## [EXERCISE INPUTS]
'''
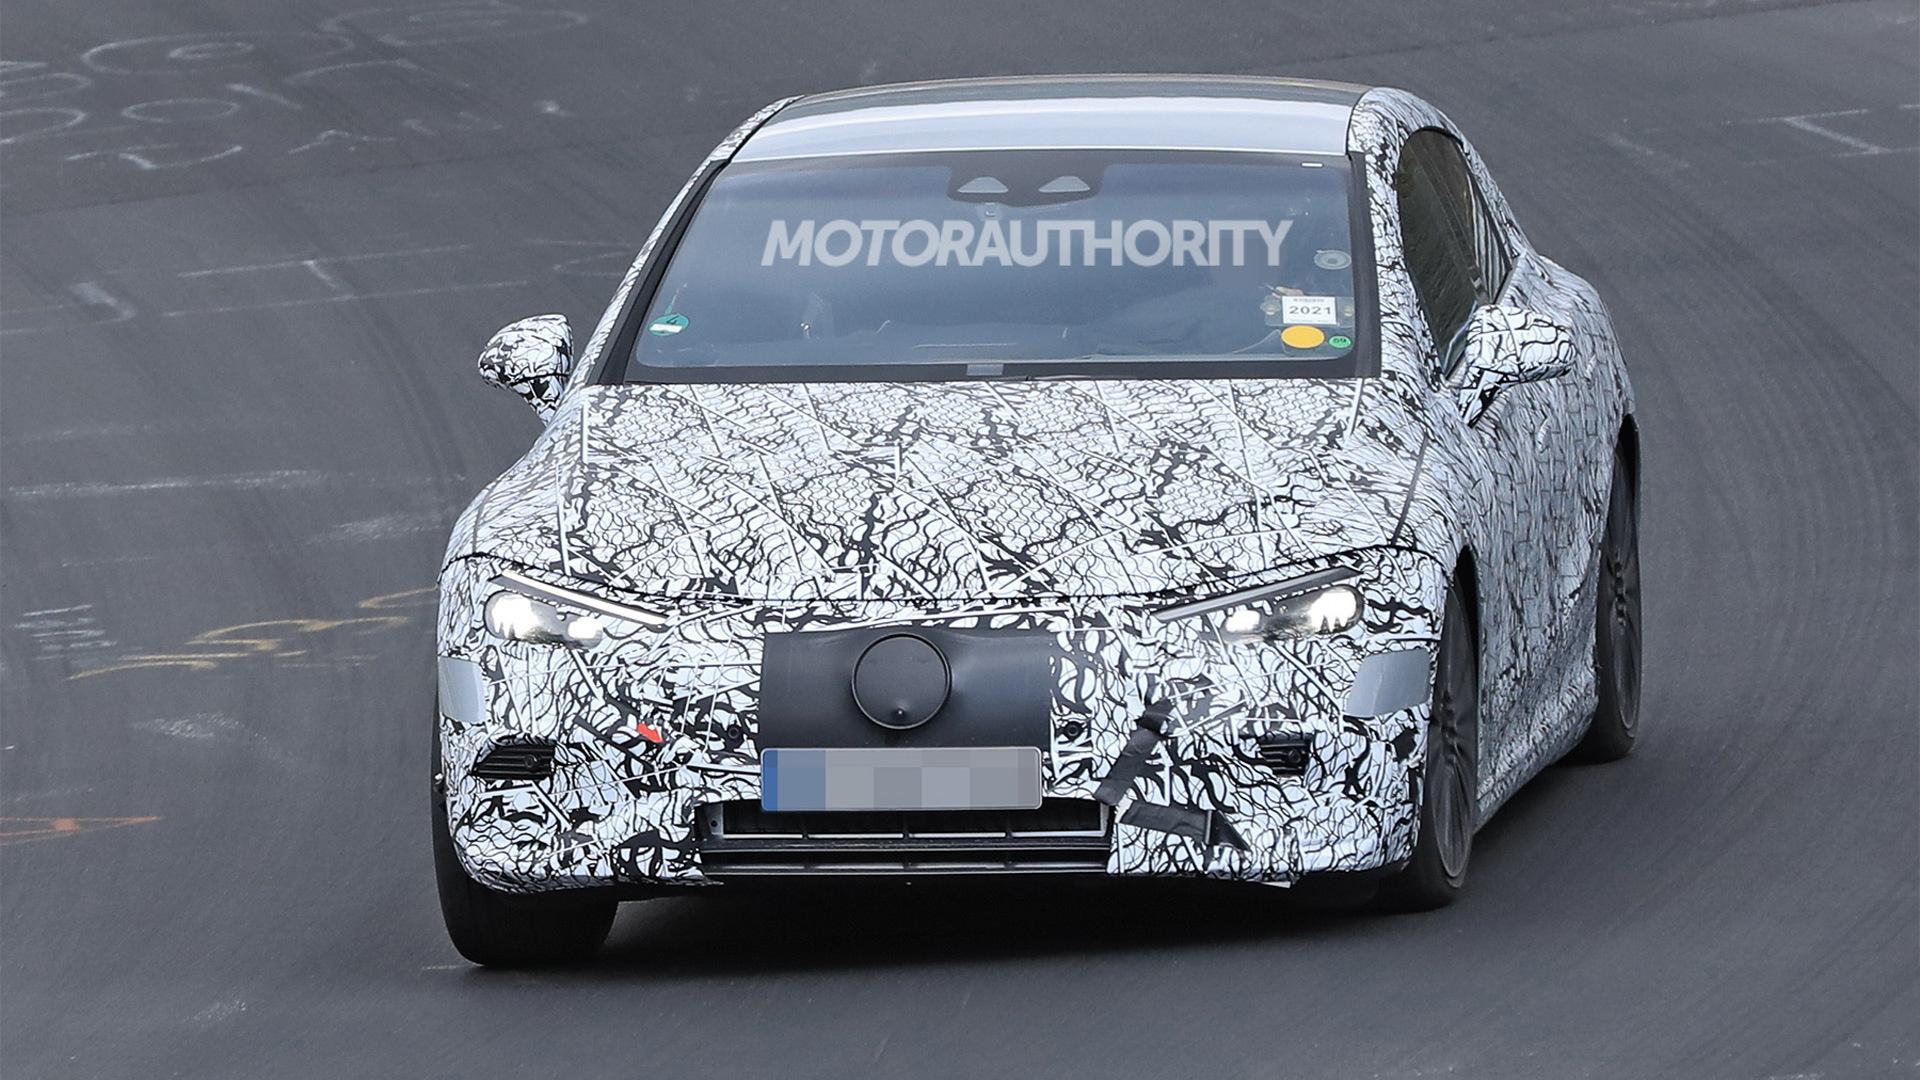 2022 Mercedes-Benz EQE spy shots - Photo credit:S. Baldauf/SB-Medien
'''
'''
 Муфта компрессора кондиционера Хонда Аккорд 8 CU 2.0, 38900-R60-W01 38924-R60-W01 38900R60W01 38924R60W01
'''
'''
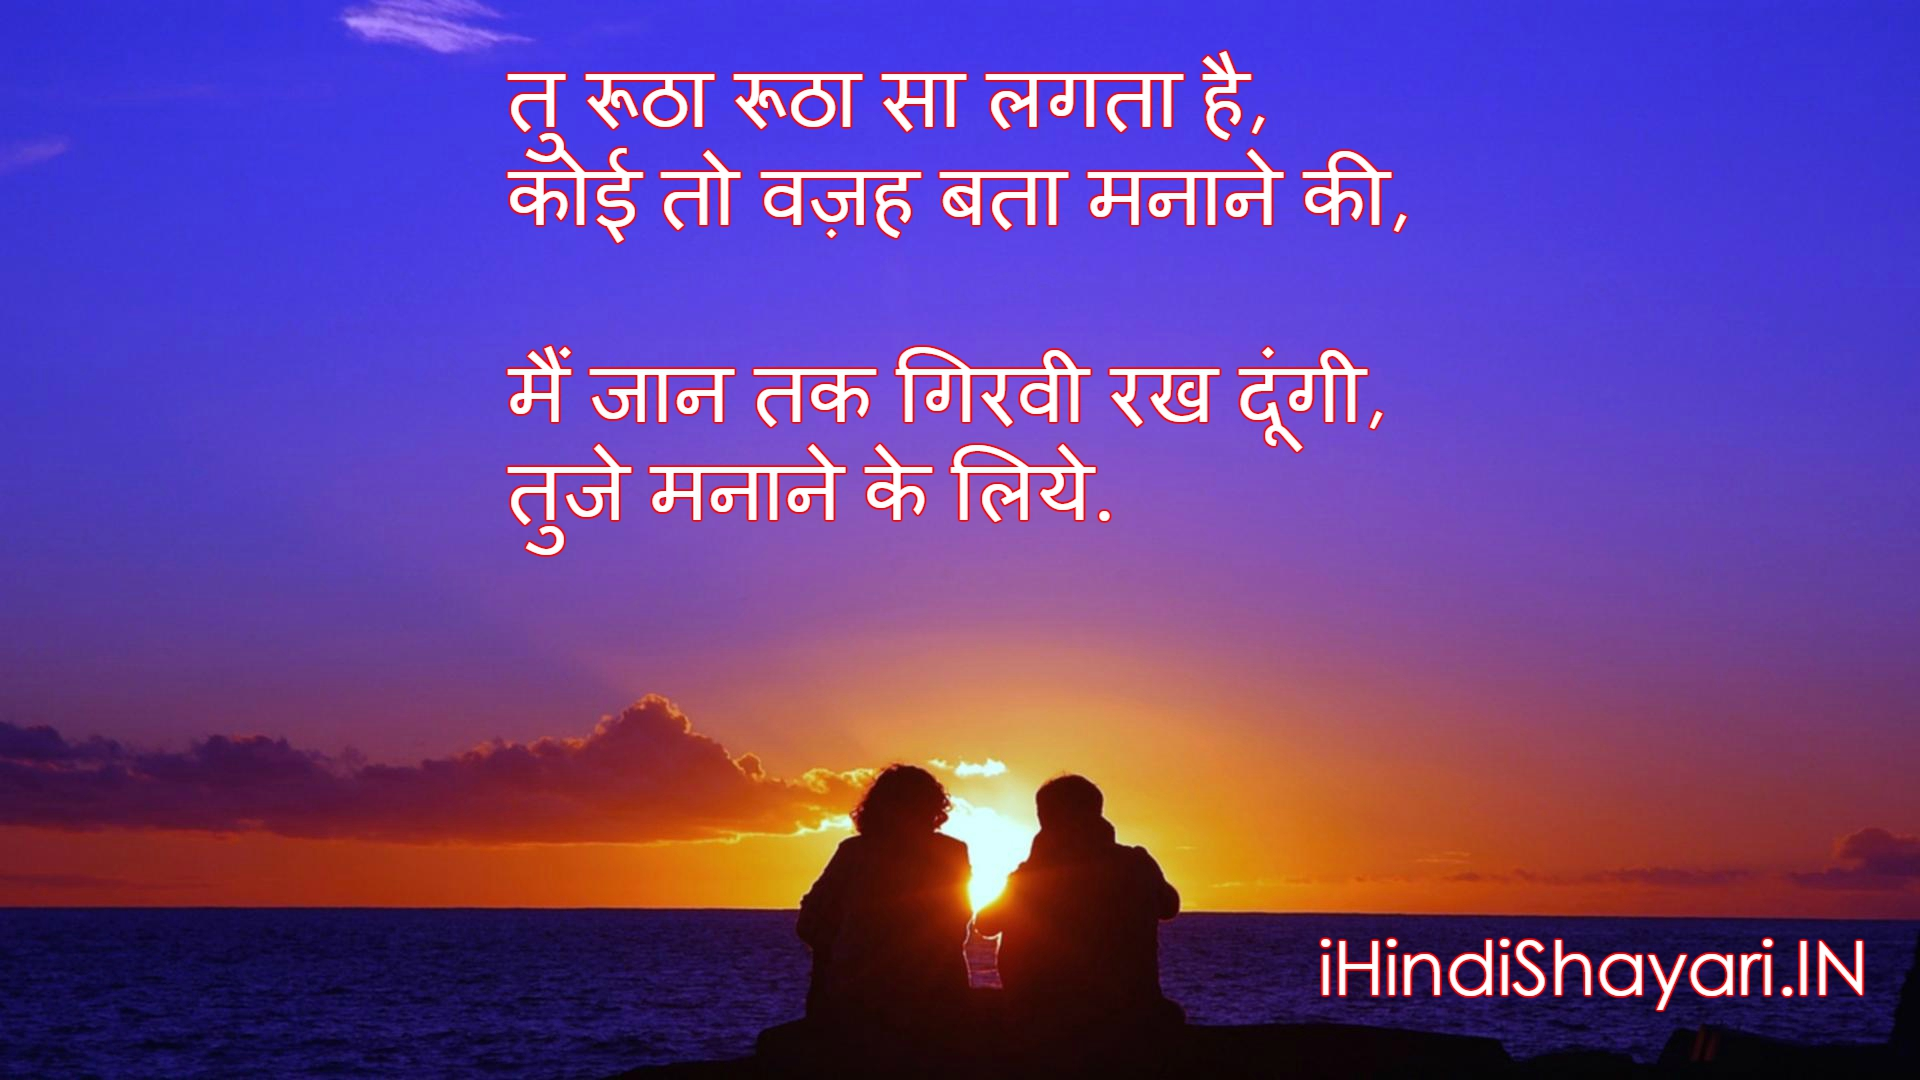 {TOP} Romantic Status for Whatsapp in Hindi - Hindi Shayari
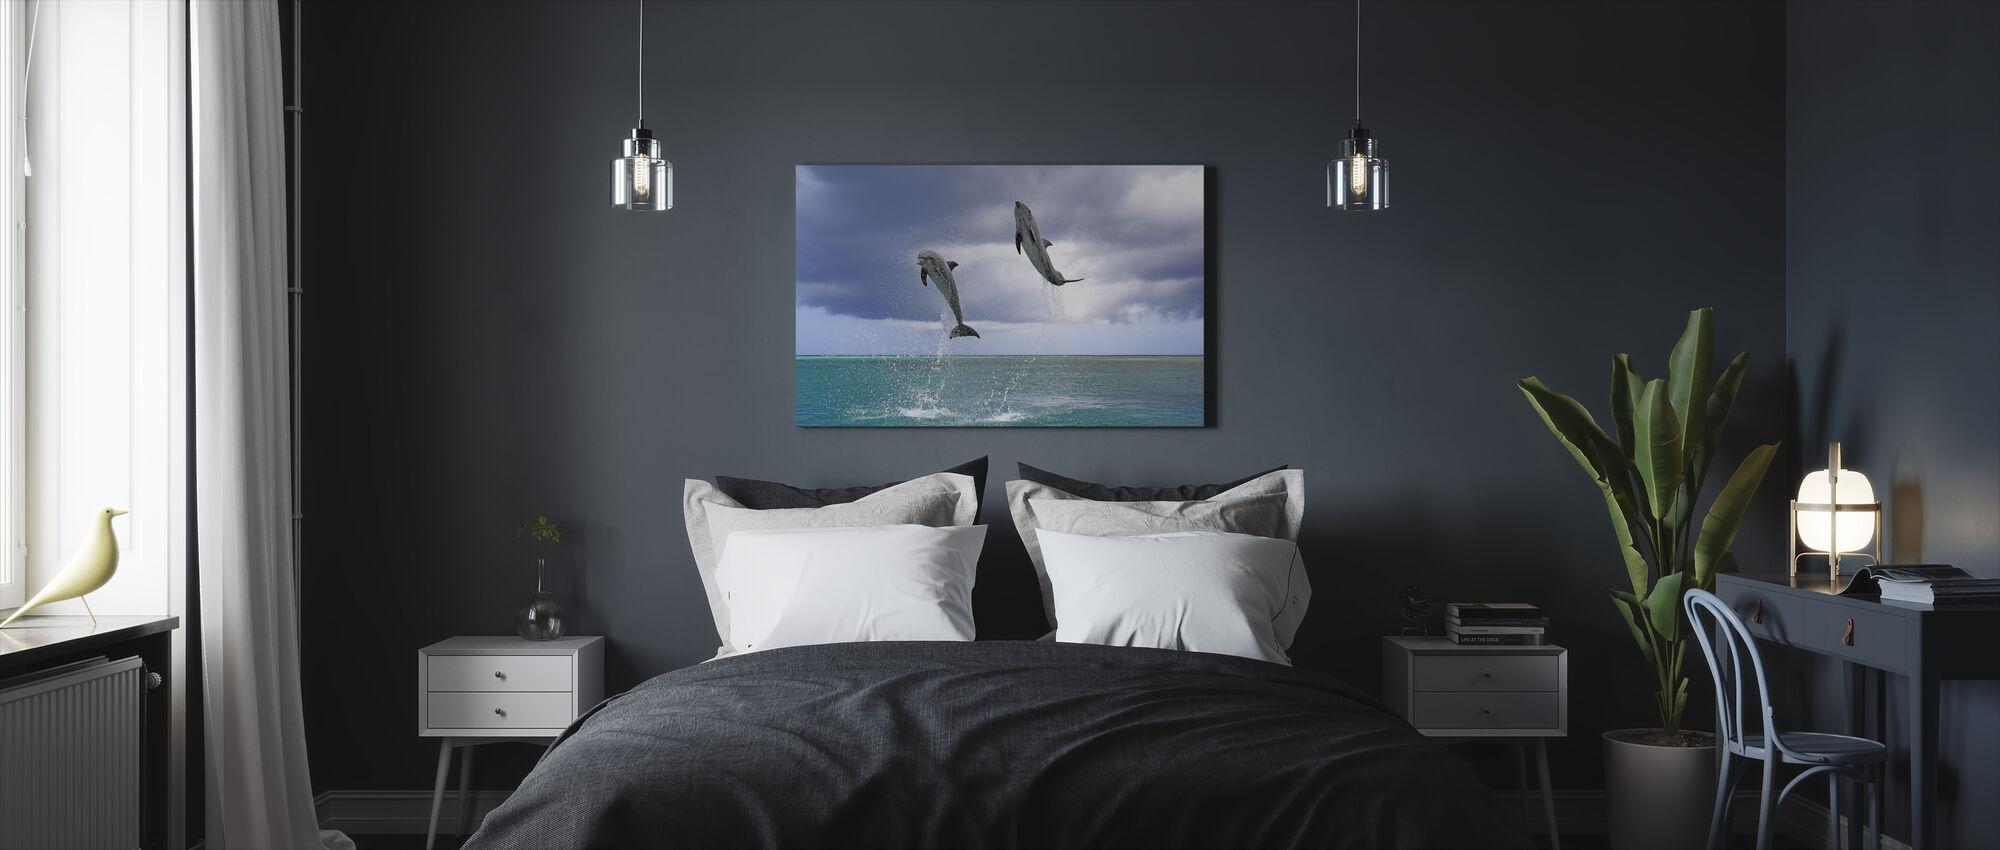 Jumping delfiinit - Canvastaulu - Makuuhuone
'''
## [TASK BRIEF]
Copy only what runs above from the line containing "- Hindi Shayari" through the line containing "Jumping delfiinit - Canvastaulu - Makuuhuone", exactly. Leave out the pictures.

## [OUTPUT]
 {TOP} Romantic Status for Whatsapp in Hindi - Hindi Shayari
 Jumping delfiinit - Canvastaulu - Makuuhuone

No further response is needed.